> _Recorded data_

+++++

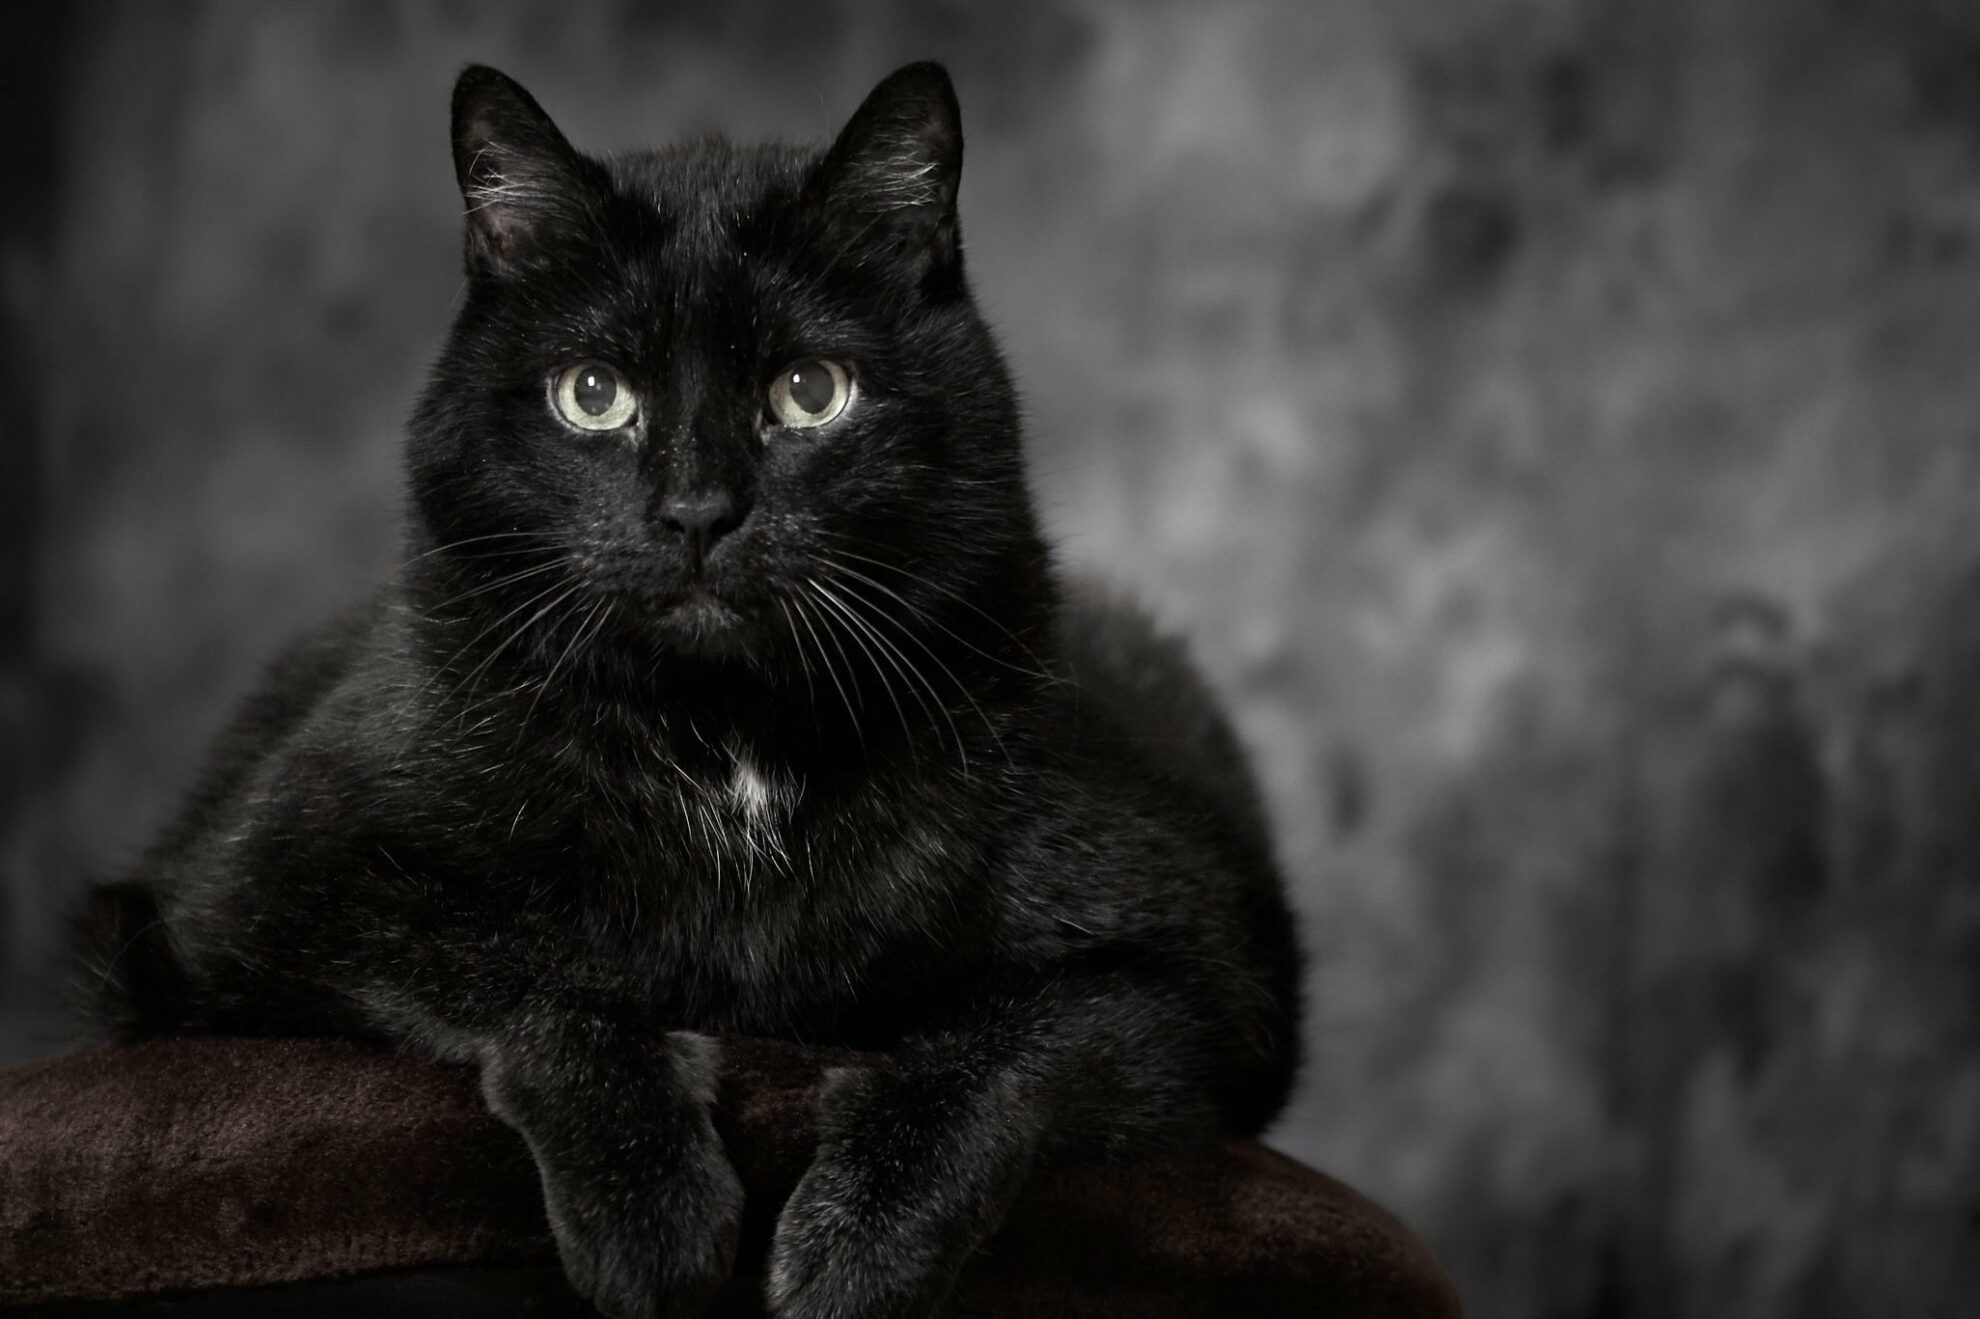 Juodos katės yra turbūt labiausiai prietarais apipinti ir daugiausiai dėl to nukentėję gyvūnėliai. Daugybė žmonių jas sieja su bloga lemtimi, o juodai katei perbėgus kelią tiki, kad tai – nieko gero nežadantis ženklas.
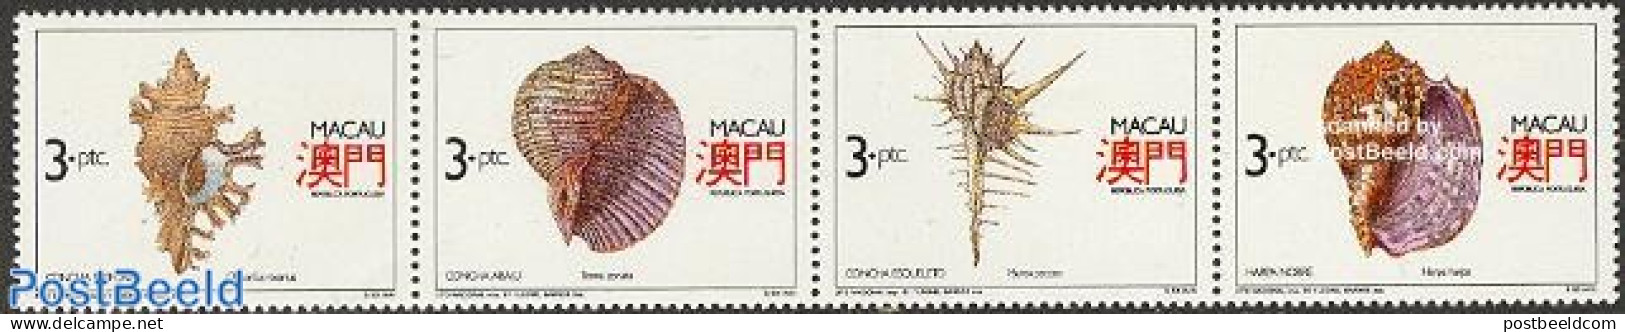 Macao 1991 Shells 4v [:::] Or [+], Mint NH, Nature - Shells & Crustaceans - Nuevos
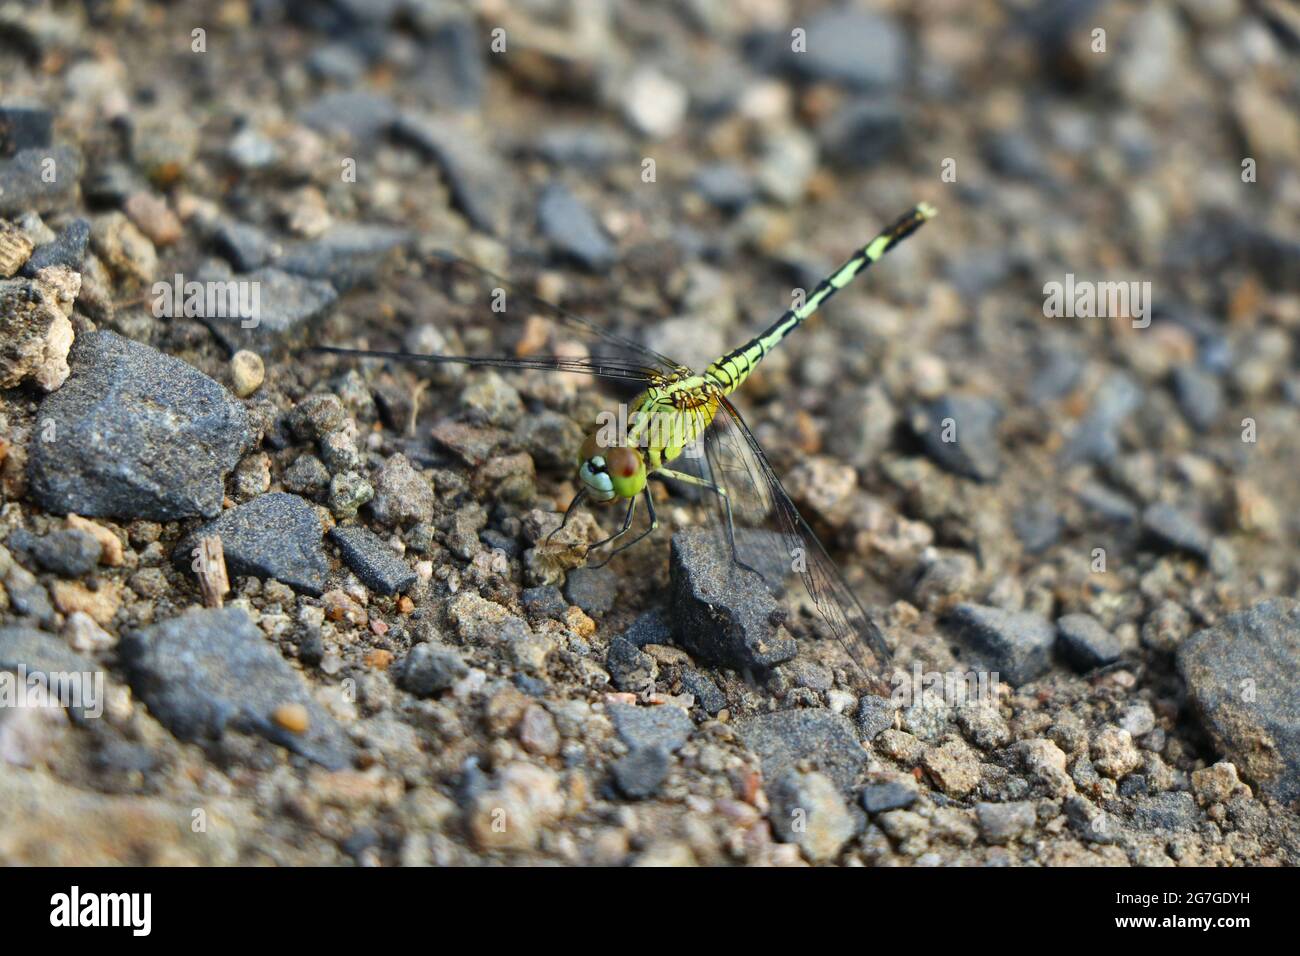 Orthetrum sabina, le skimmer mince ou faucon vert de marais, est une espèce de libellule de la famille des Libellulida. Nanded District, Maharashtra, Inde Banque D'Images
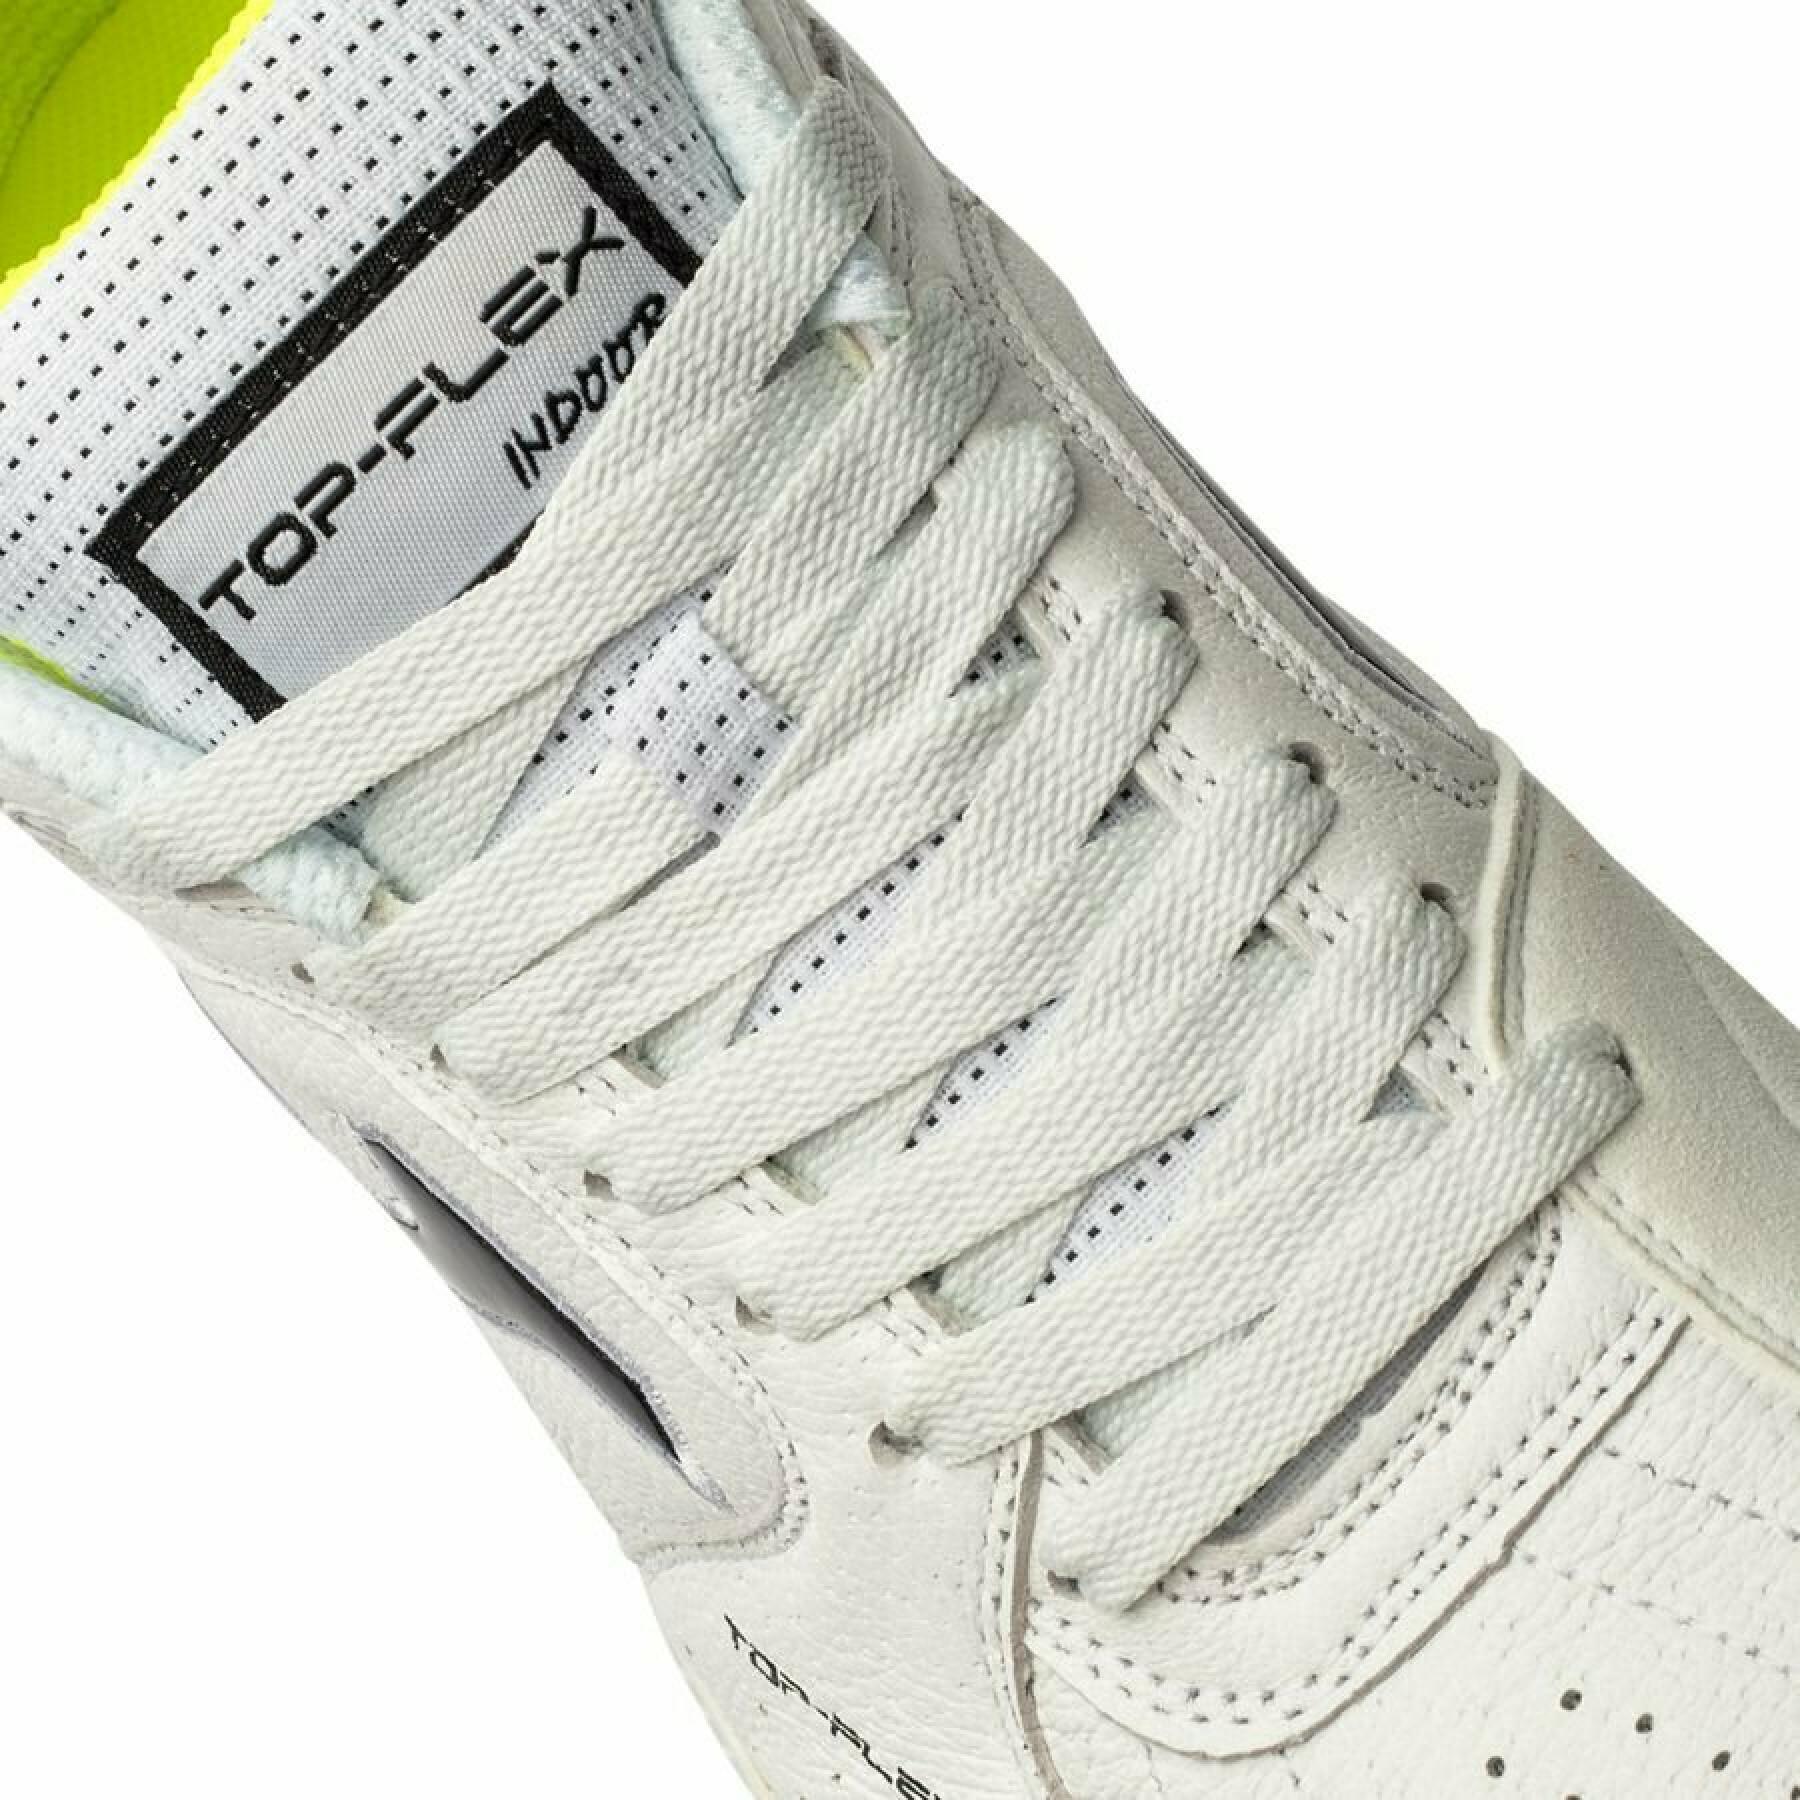 Sapatos de Futsal Joma Top Flex

+++++

> _Brief_
Transcribe the listing exactly. Its images are to be omitted.

> _Result for this task_
 Juodos katės yra turbūt labiausiai prietarais apipinti ir daugiausiai dėl to nukentėję gyvūnėliai. Daugybė žmonių jas sieja su bloga lemtimi, o juodai katei perbėgus kelią tiki, kad tai – nieko gero nežadantis ženklas.
 Macao 1991 Shells 4v [:::] Or [+], Mint NH, Nature - Shells & Crustaceans - Nuevos
 Orthetrum sabina, le skimmer mince ou faucon vert de marais, est une espèce de libellule de la famille des Libellulida. Nanded District, Maharashtra, Inde Banque D'Images
 Sapatos de Futsal Joma Top Flex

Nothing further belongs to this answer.